Retype, word for word, the line holding "Napolitano explica que" and each line after it down to the end of the data; pictures are not copied.

Dataset content:
--- START ---

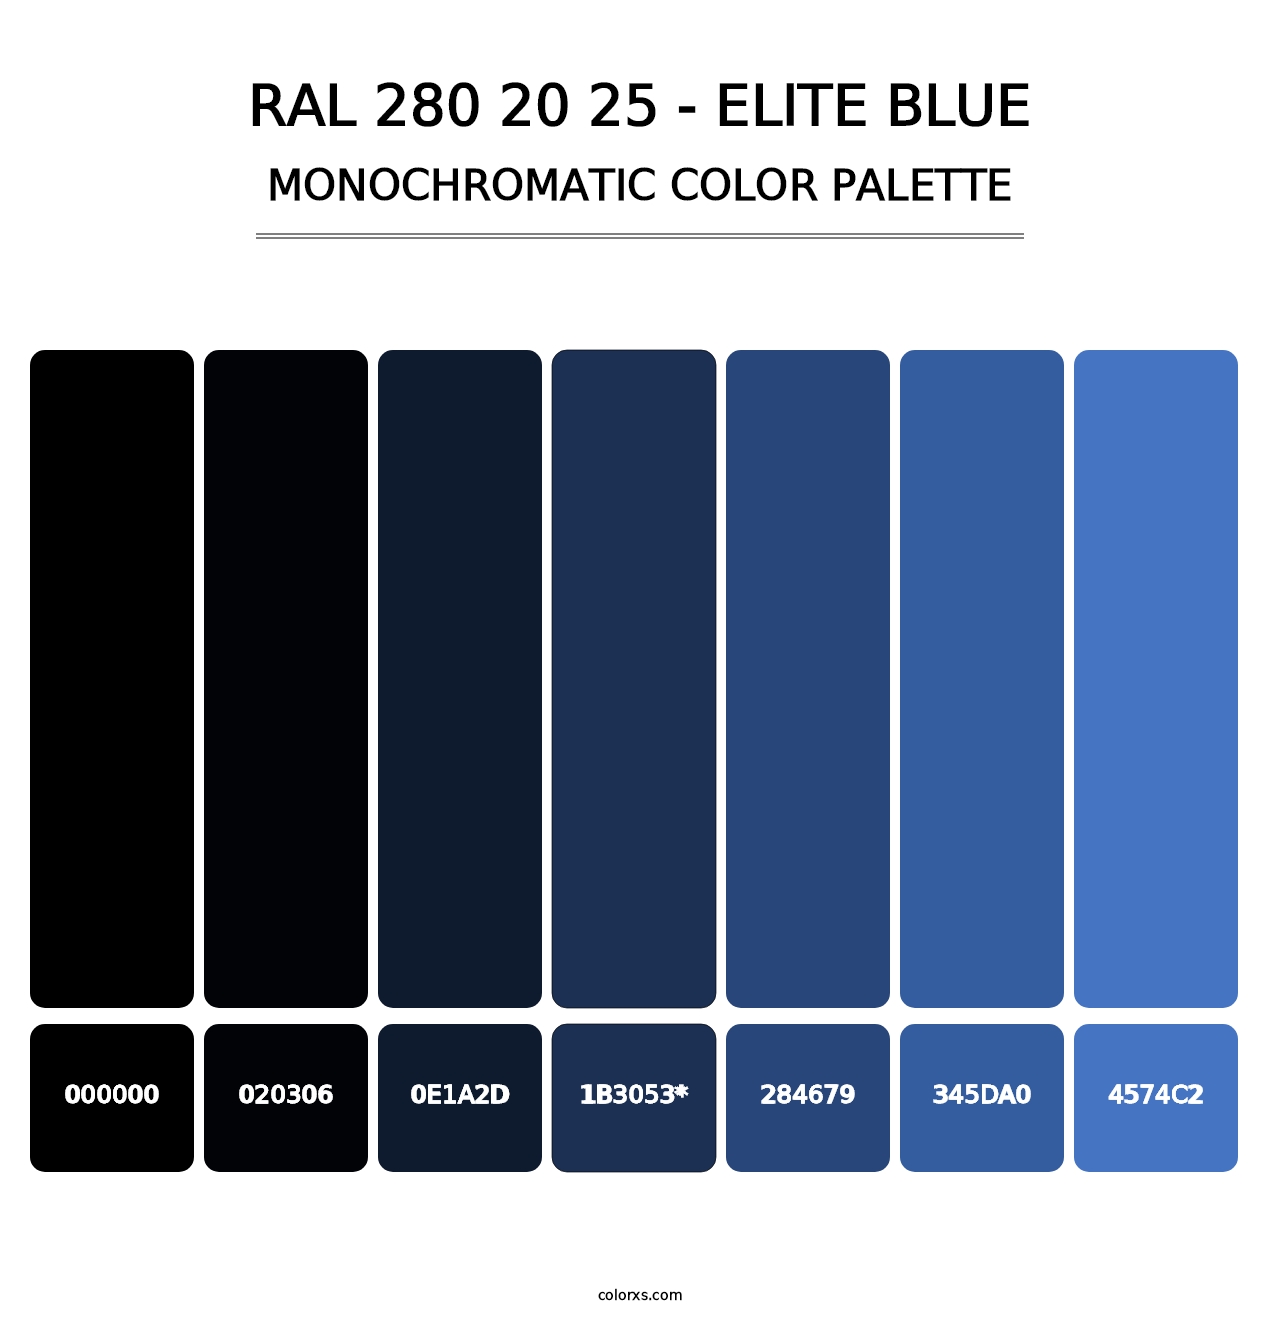 RAL 280 20 25 - Elite Blue - Monochromatic Color Palette
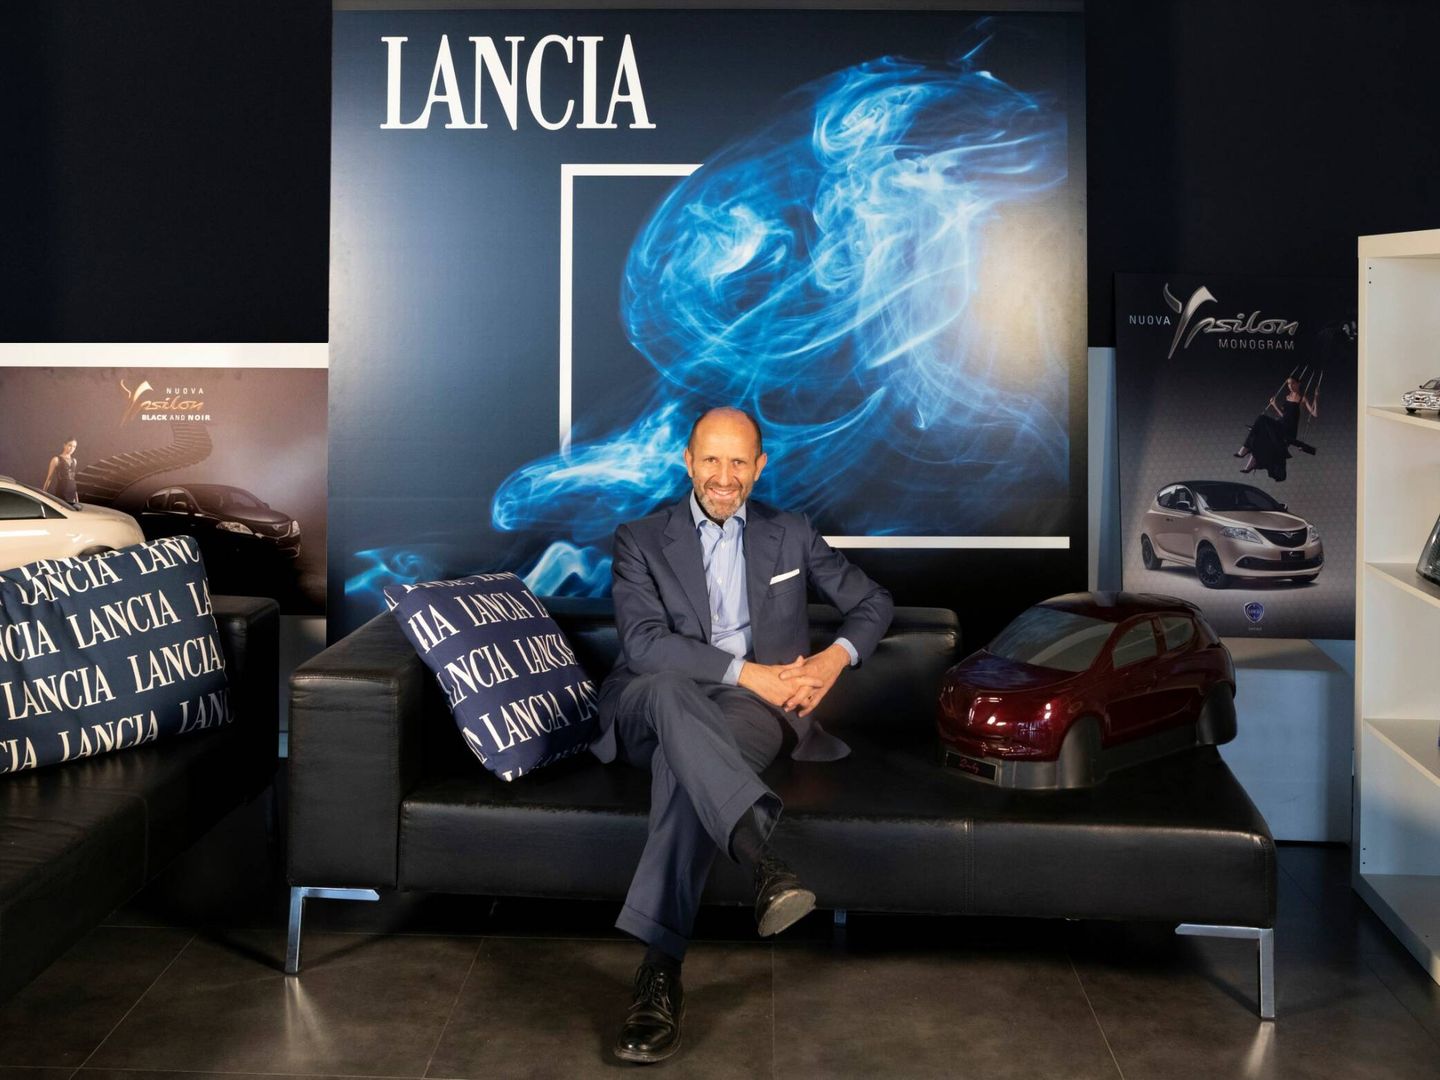 Napolitano explica que Lancia seguirá teniendo concesionarios propios en Italia, pero que fuera de ese país ve espacios más pequeños y compartidos con Alfa Romeo, pero cada una con su exposición.
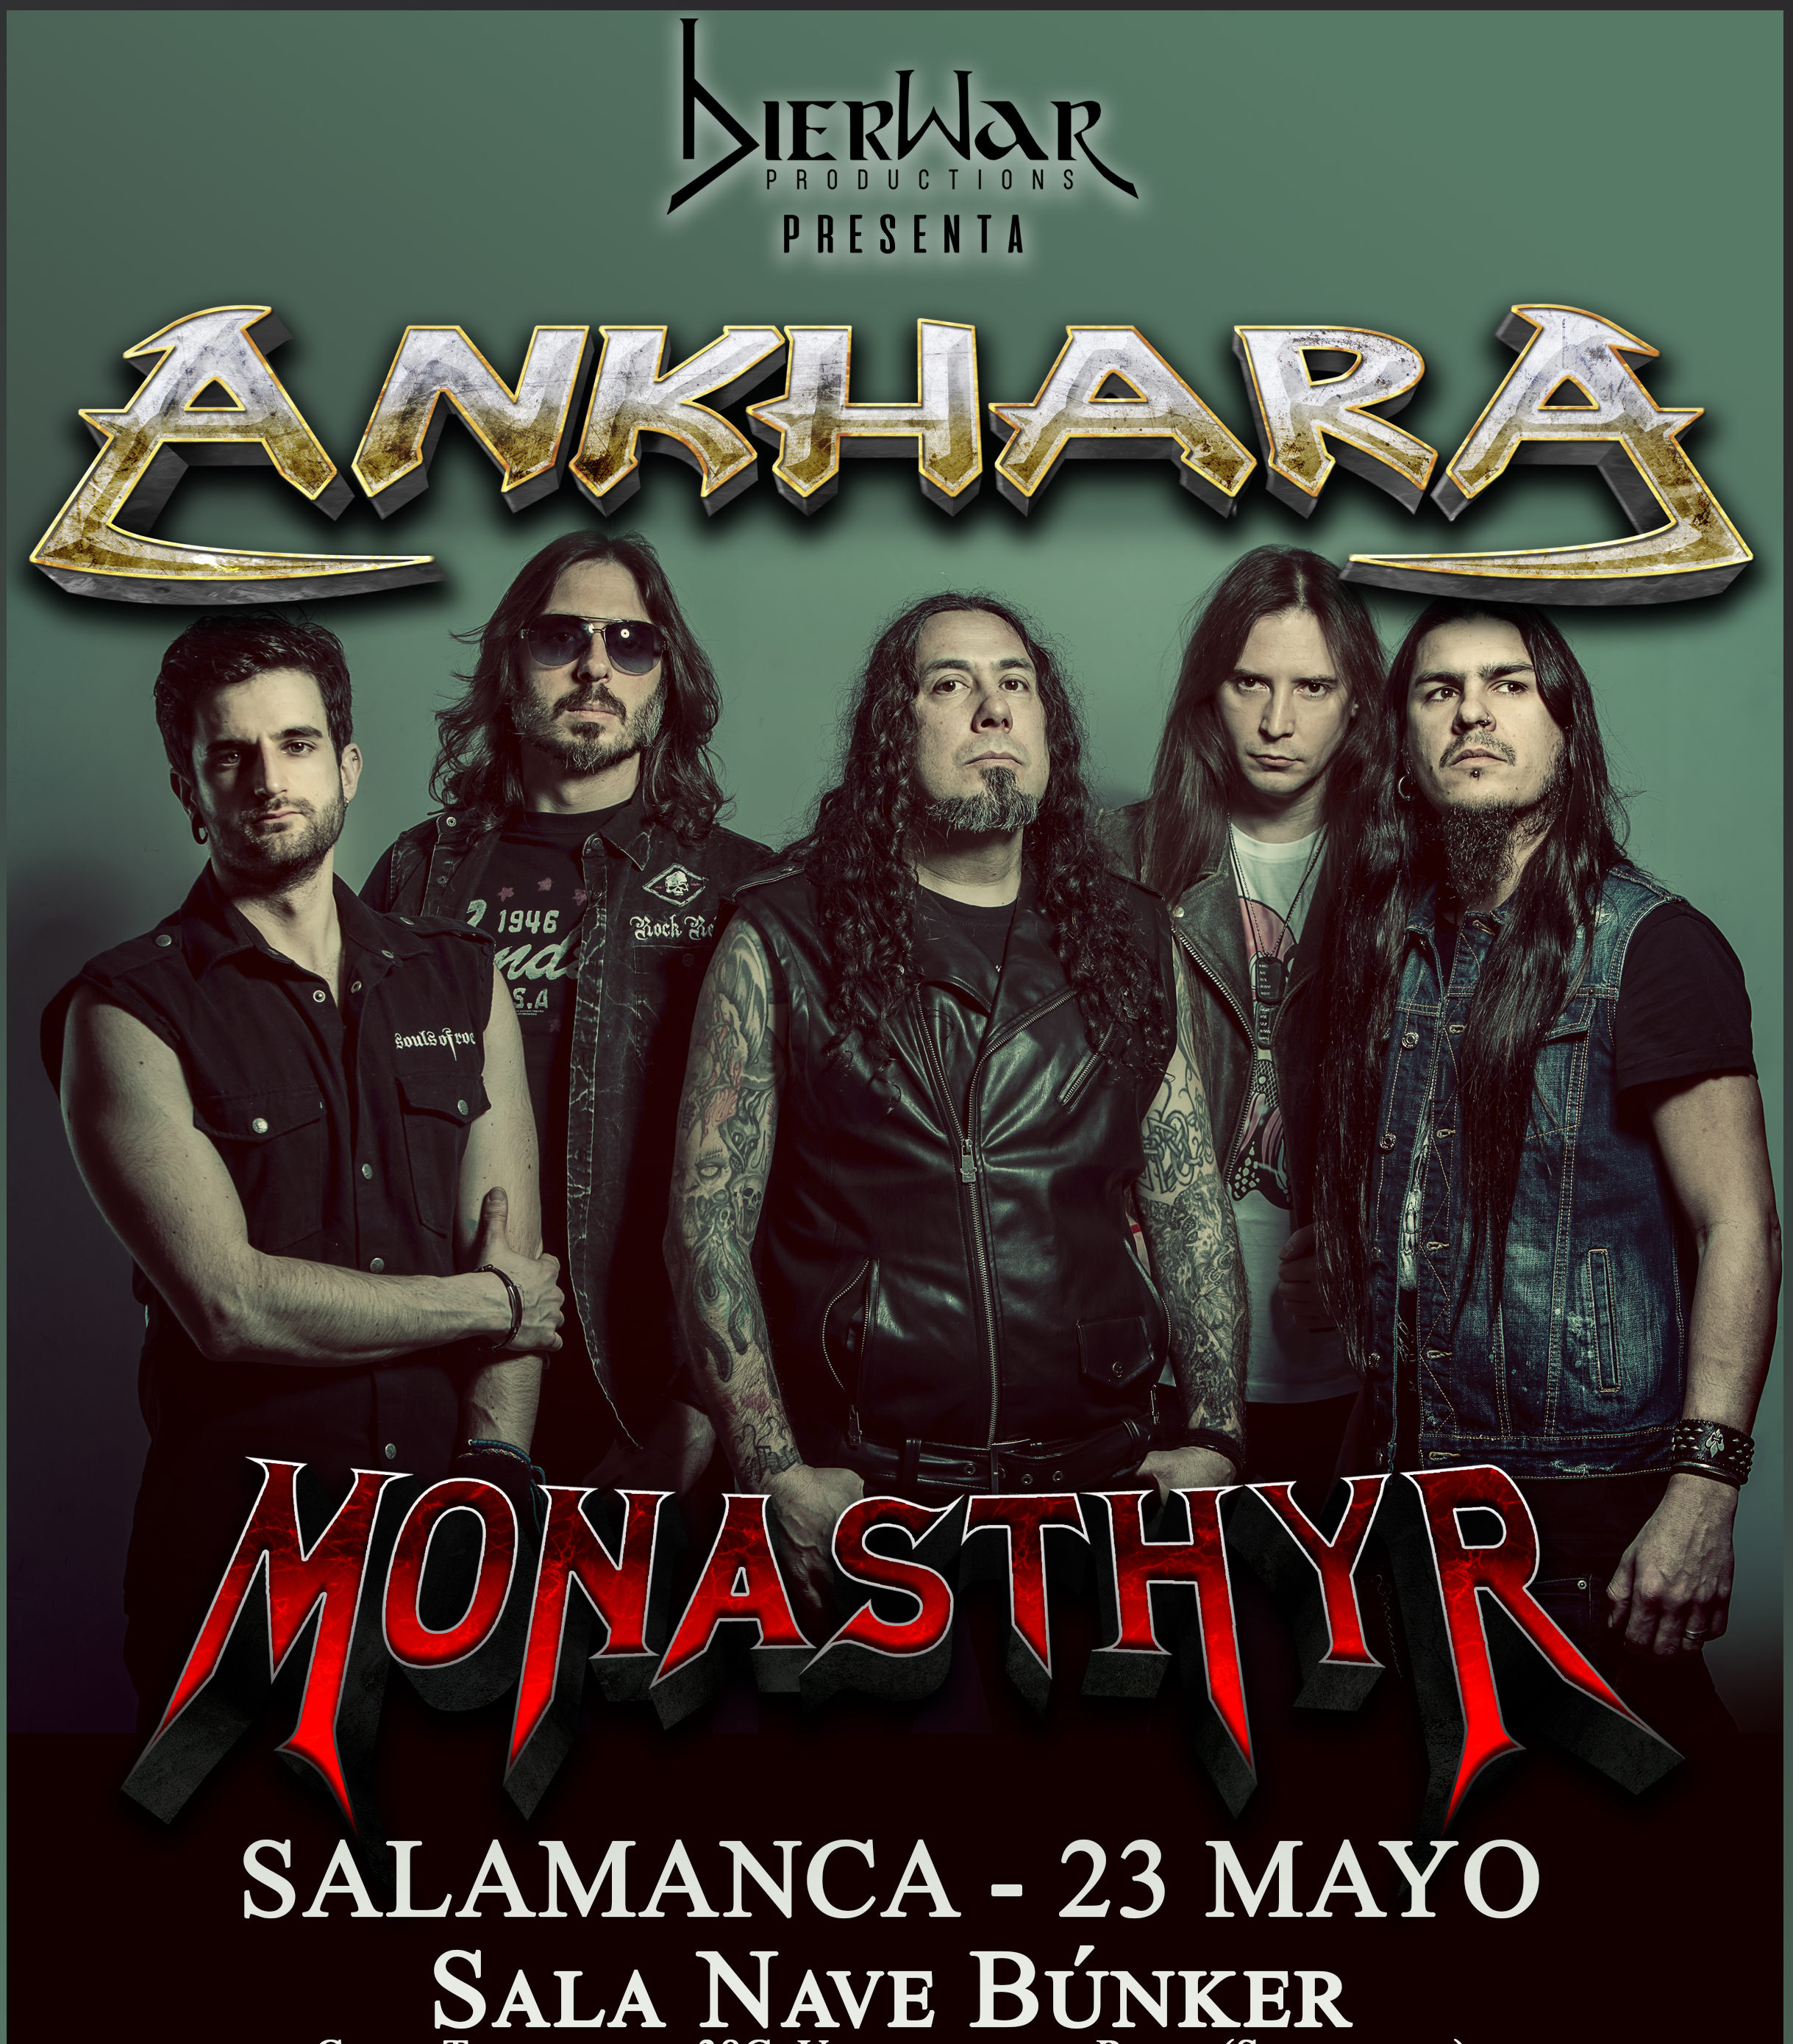 Ankhara + Monasthyr en Salamanca el 23 de mayo

--- END ---

Task result:
 Napolitano explica que Lancia seguirá teniendo concesionarios propios en Italia, pero que fuera de ese país ve espacios más pequeños y compartidos con Alfa Romeo, pero cada una con su exposición.
 Ankhara + Monasthyr en Salamanca el 23 de mayo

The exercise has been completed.